Exercise
In the material below, pictures must be dropped. Repeat exactly, and only, the lines from the line with "Unused Vehicle Amber" to the line with "1 Complete the", both ends included.

Records
□ □ □

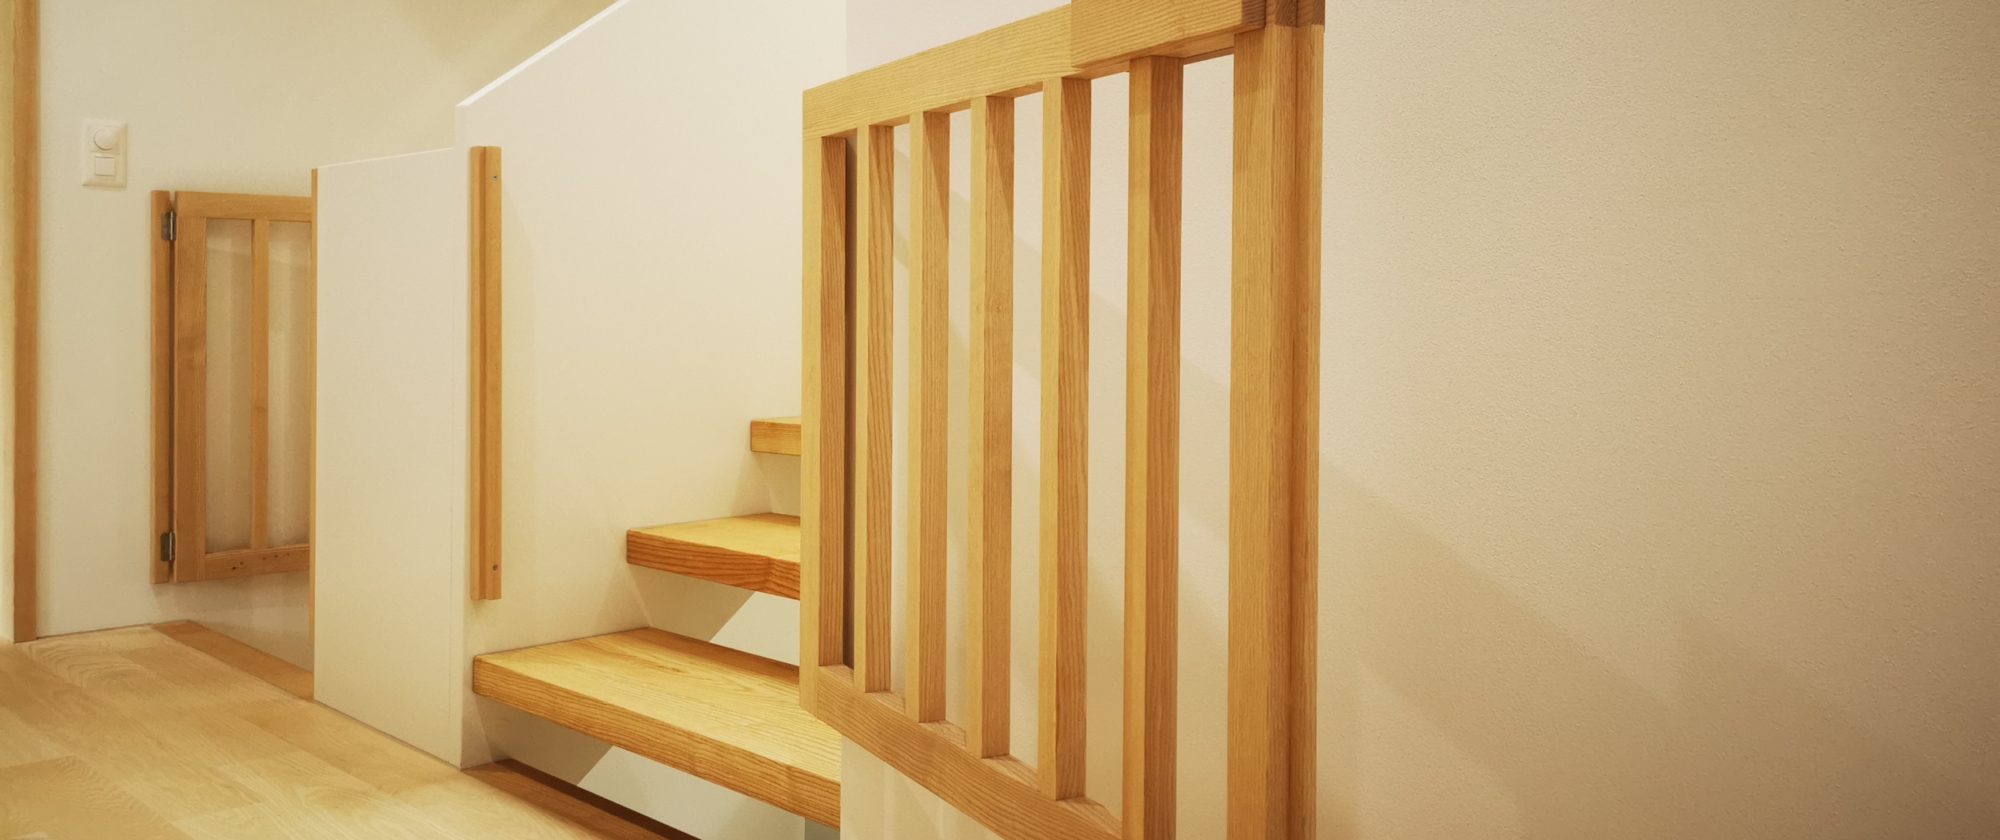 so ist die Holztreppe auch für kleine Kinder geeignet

□ □ □

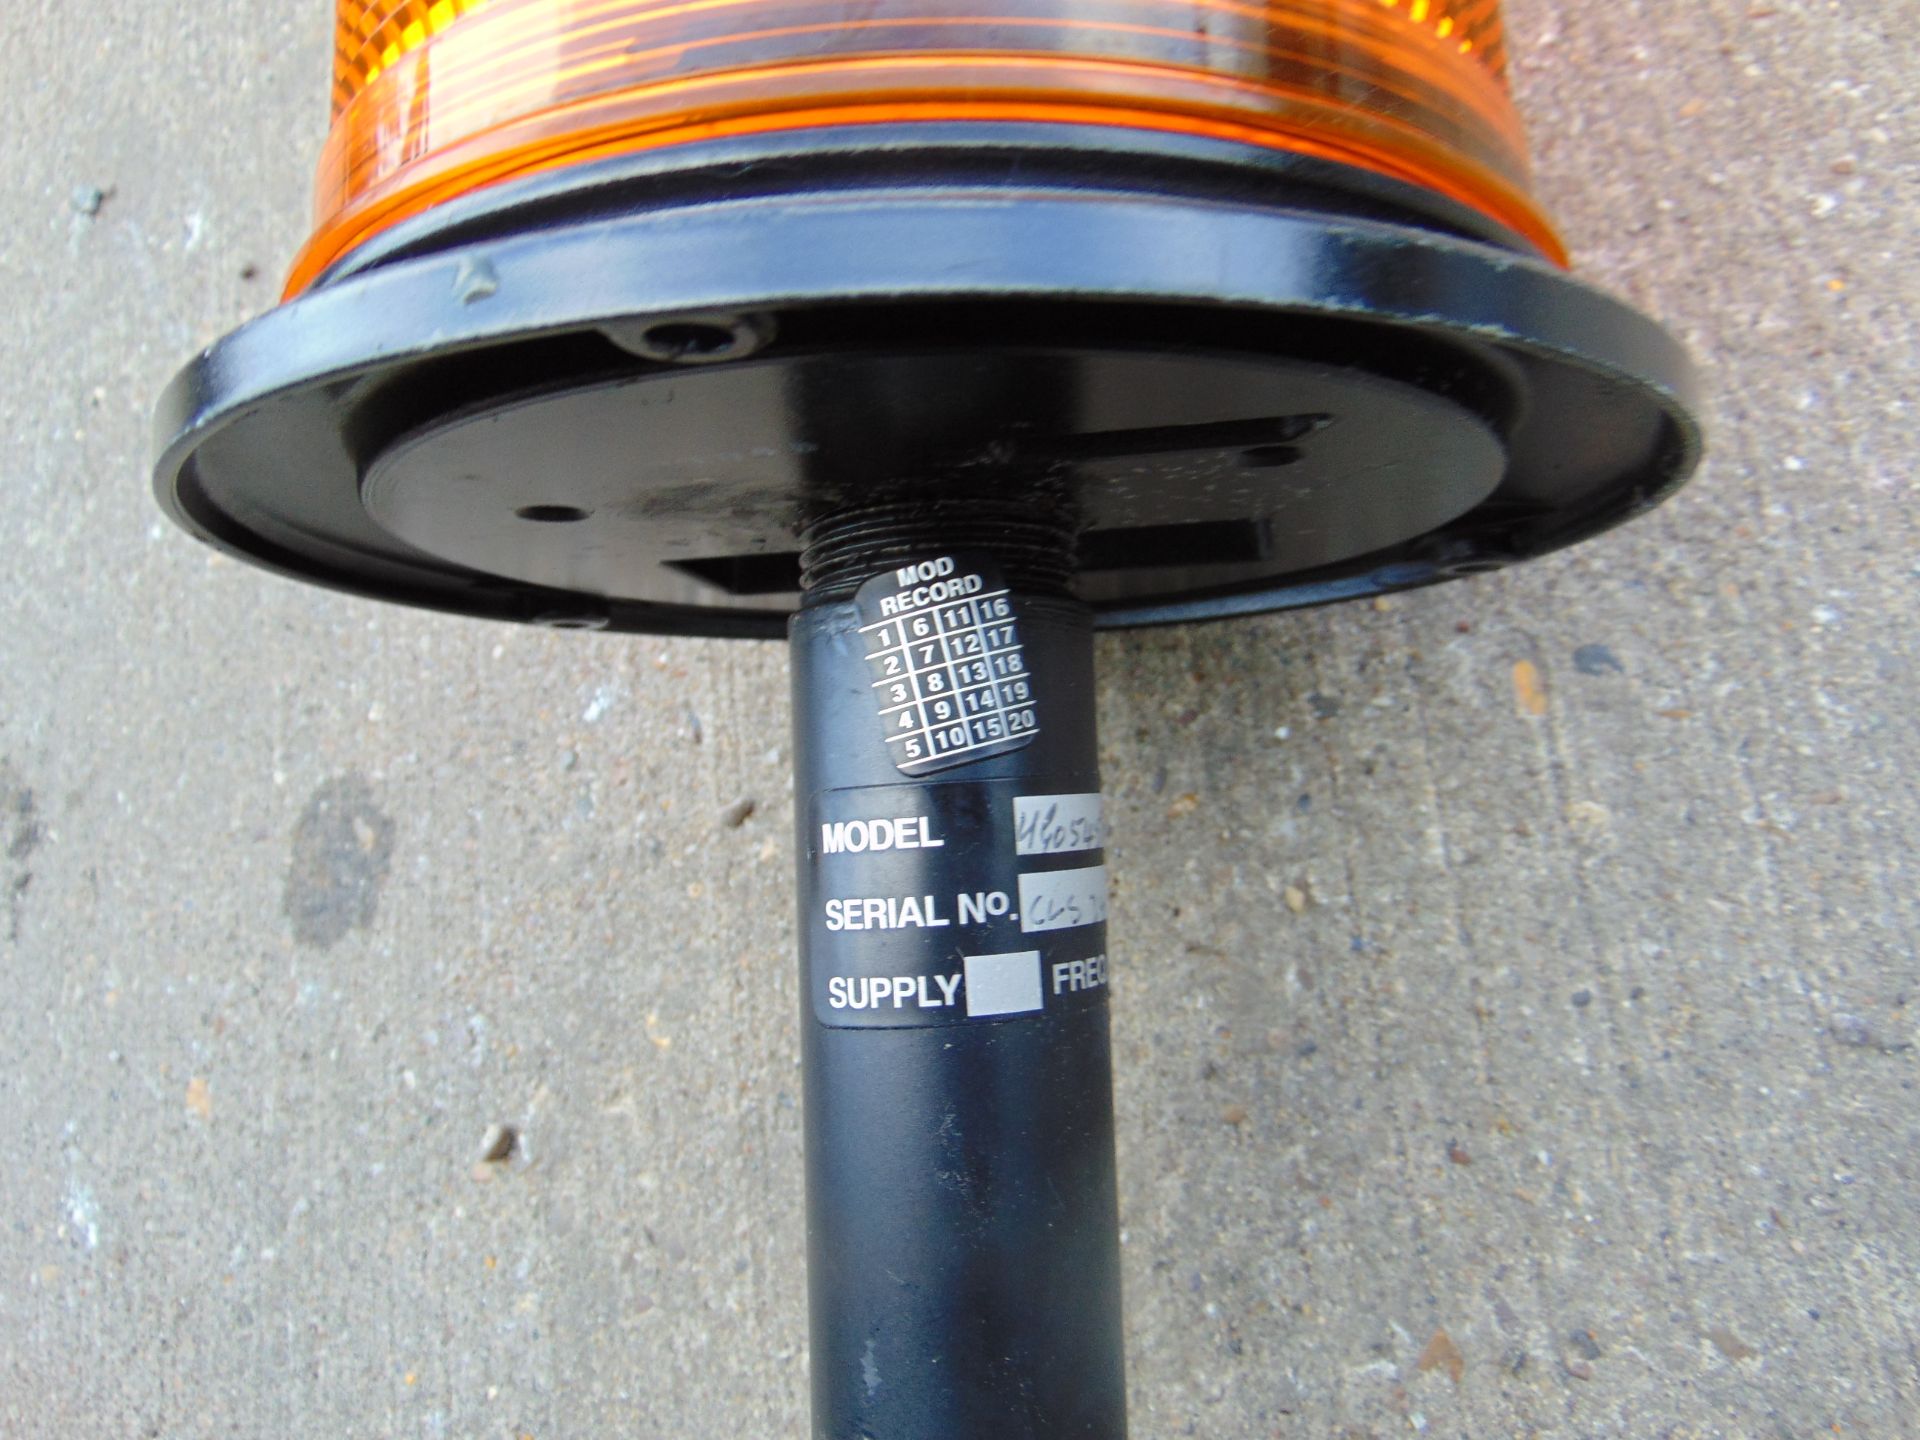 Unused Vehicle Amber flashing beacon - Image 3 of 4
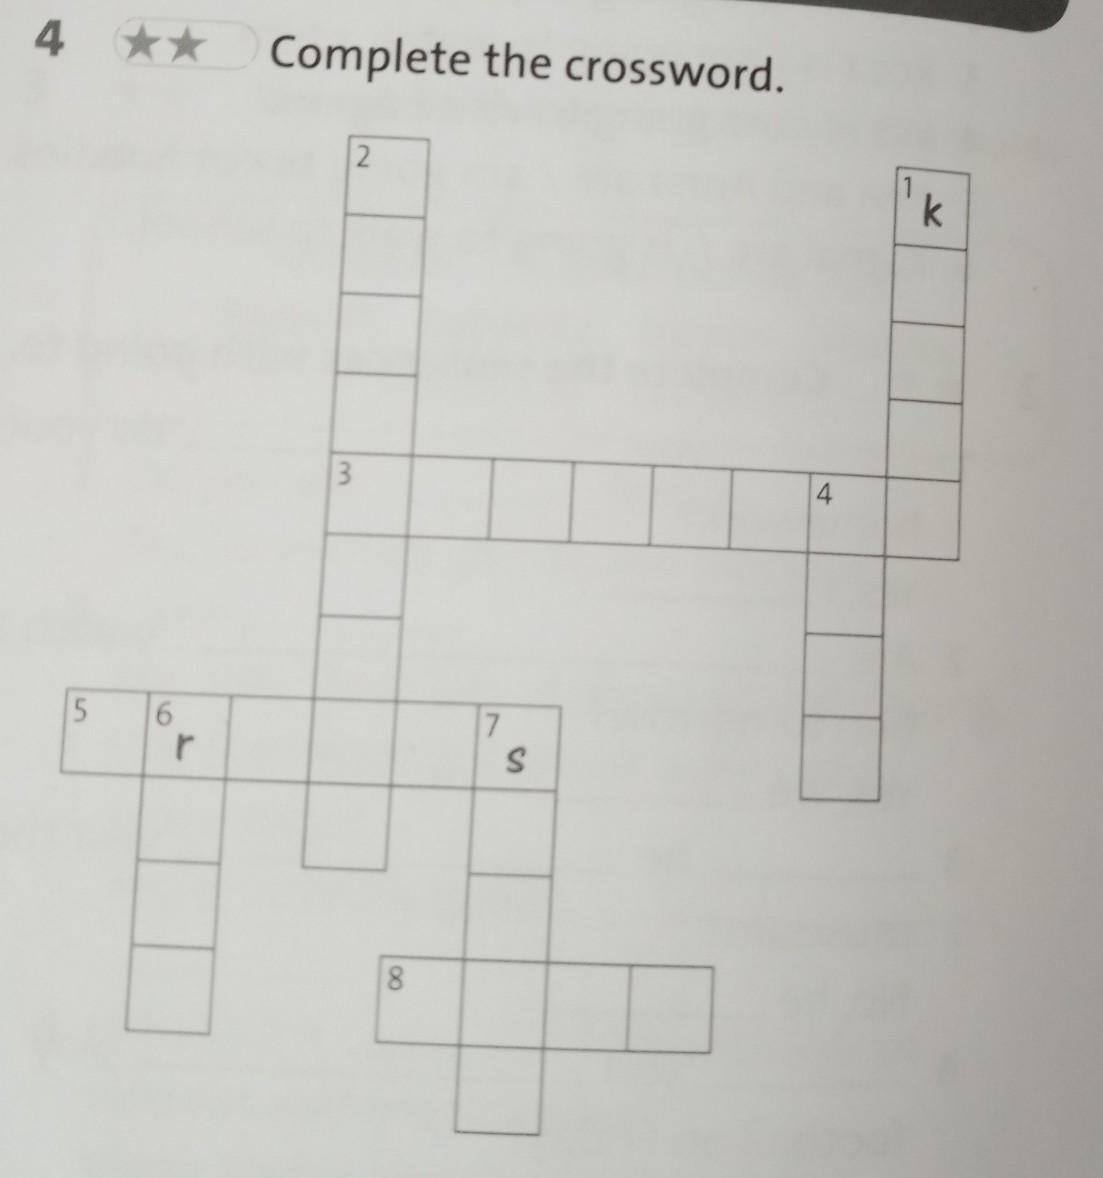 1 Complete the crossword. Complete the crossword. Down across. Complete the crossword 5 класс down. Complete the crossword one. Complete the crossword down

□ □ □

Expected answer
 Unused Vehicle Amber flashing beacon - Image 3 of 4
 1 Complete the crossword. Complete the crossword. Down across. Complete the crossword 5 класс down. Complete the crossword one. Complete the crossword down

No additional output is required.